Grandma didn’t know how not to overwork herself. She made a whole ham around lunchtime, which was sliced up and fanned out over a couple of paper plates on the counter for anyone who wanted sandwiches while they waited for turkey. The bottom drawer was where she kept the bread; five varieties of sliced and buns, all white. She sweated and slaved over a host of pots and pans, opening and closing the oven door and clanking wood and metal with such frequency it developed its own cadence. When she had a spare moment to rest, she asked everyone if there was anything she could get them or if they were hungry because love was nothing if not a tightrope act of multiple household jobs; among them cook, hostess and server. After a while, I picked up on how Mom’s dad and siblings got their own form of entertainment from seeing how much they could add to Grandma’s already staggering workload.

I never was very close to them; Mom kept me at arm's length, which was all the closer she wanted herself. I suppose it wasn't unreasonable what with the things she endured growing up, but to a kid it made things-- awkward. Seeing Grandma and Grandpa Schiller wasn't unlike Christmas or Independence Day: a thing that came once a year to be observed with perfunctory attitude and choreographed ritual. Everyone played their part, but mine was one as yet unwritten.

I didn't really give it much thought and that's what I told myself when I did. The things crawling and scratching at the back of my mind were ignored in favor of my uncle Gerry-- who bought me a model train set the Christmas before-- and his new bride, who was by all accounts, quite attractive, and reminded me in voice and mien of Mrs Greer. Always at her arm, Uncle Gerry wore a lopsided grin like a toupée; one better suited for a mischievous child than a man in his thirties. It occurred to me I couldn't tell if he was in love with Aunt Lauren or the idea of having a beautiful wife to parade around. It was in that moment I knew it wouldn't last. She was a candy bar; something that once consumed, left an empty wrapper to be discarded.

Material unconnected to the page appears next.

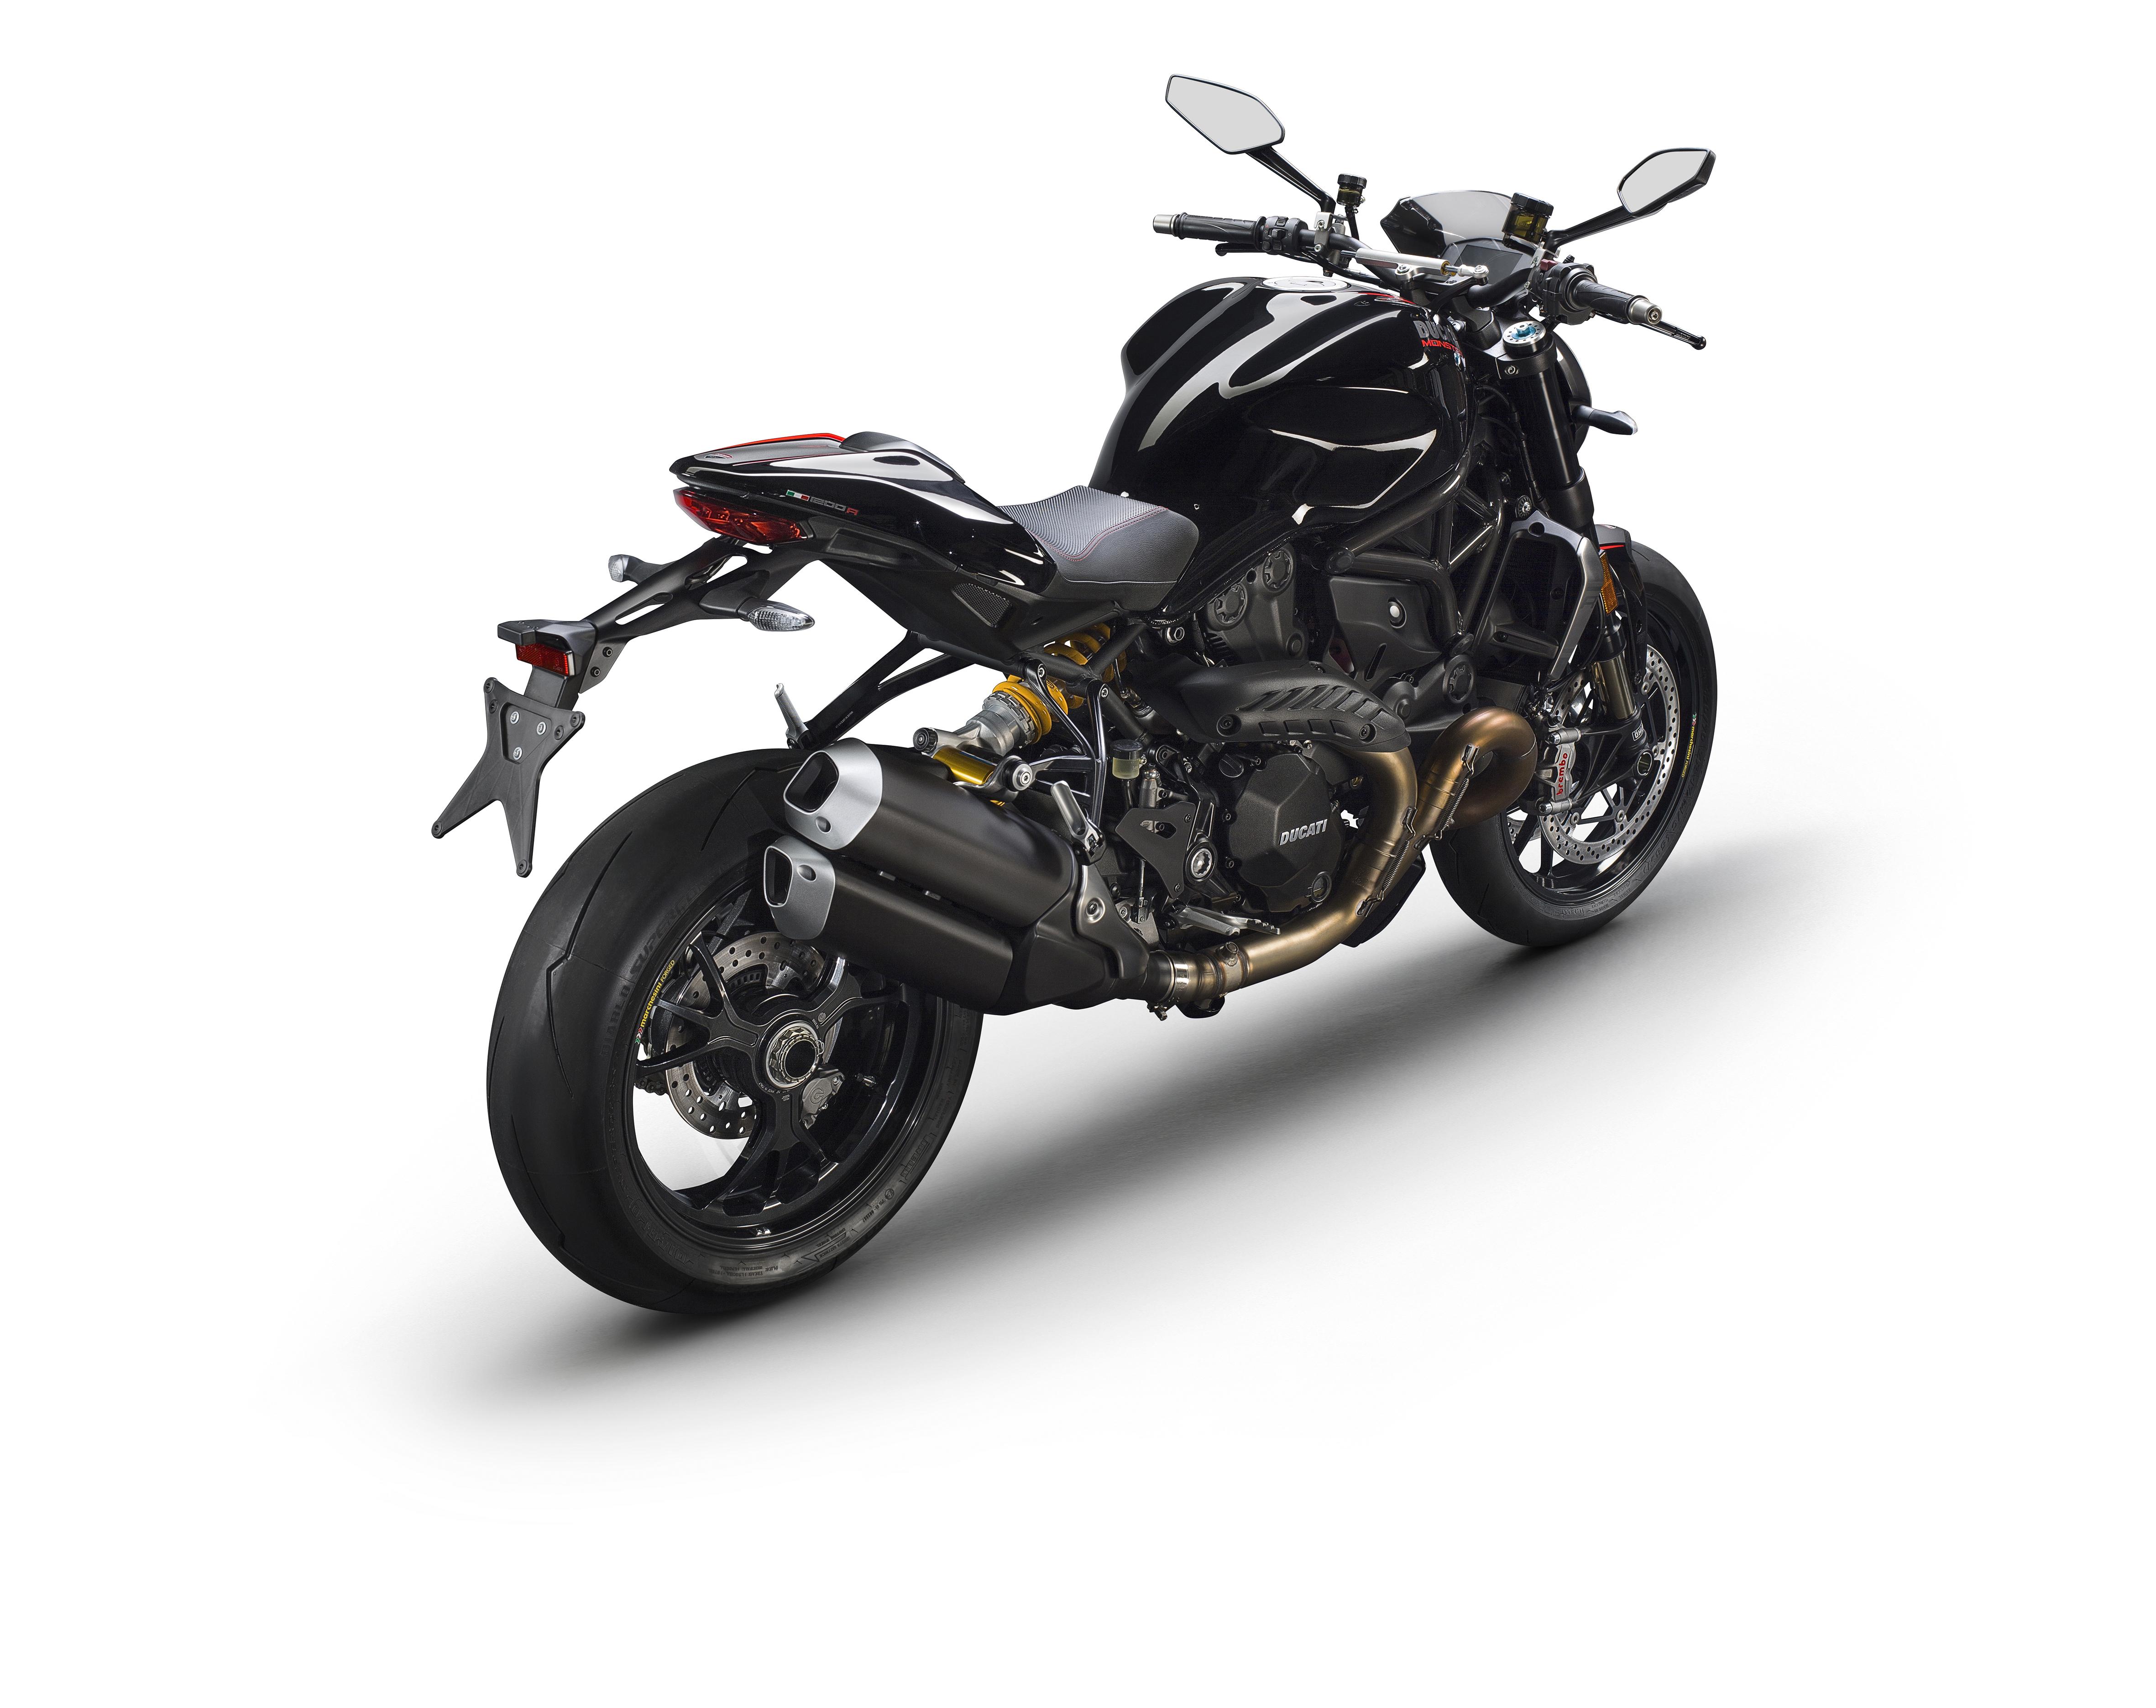 Ducati Monster 1200 S livrea Black on Black - foto - 16/19

Grandpa was on his fourth can of Schlitz which he poured what would fit into a highball and slurped down the rest in one go. It got so I began to associate the sharp metallic crack of opening aluminum cans with his presence; every sizzle of carbonation a preamble to his bobbing, inebriated gaze washing over Mom or me. Mostly, though, his eyes were on the teevee, where older men did older men things, like hitting a little white ball all over a park that was just grass and no trees. I preferred they were there instead of on me. Grandpa was a man who felt and expressed love not through kind words, hugs or other forms of affectation, but prolonged proximity. Maybe he thought the things in his heart could be transferred through emphysema labored exhales or processes better suited to single celled organisms. Whatever the case, I was made to hug him goodbye whenever we left-- the representation of Mom's affection-- and being so close to a man I barely knew felt somehow wrong.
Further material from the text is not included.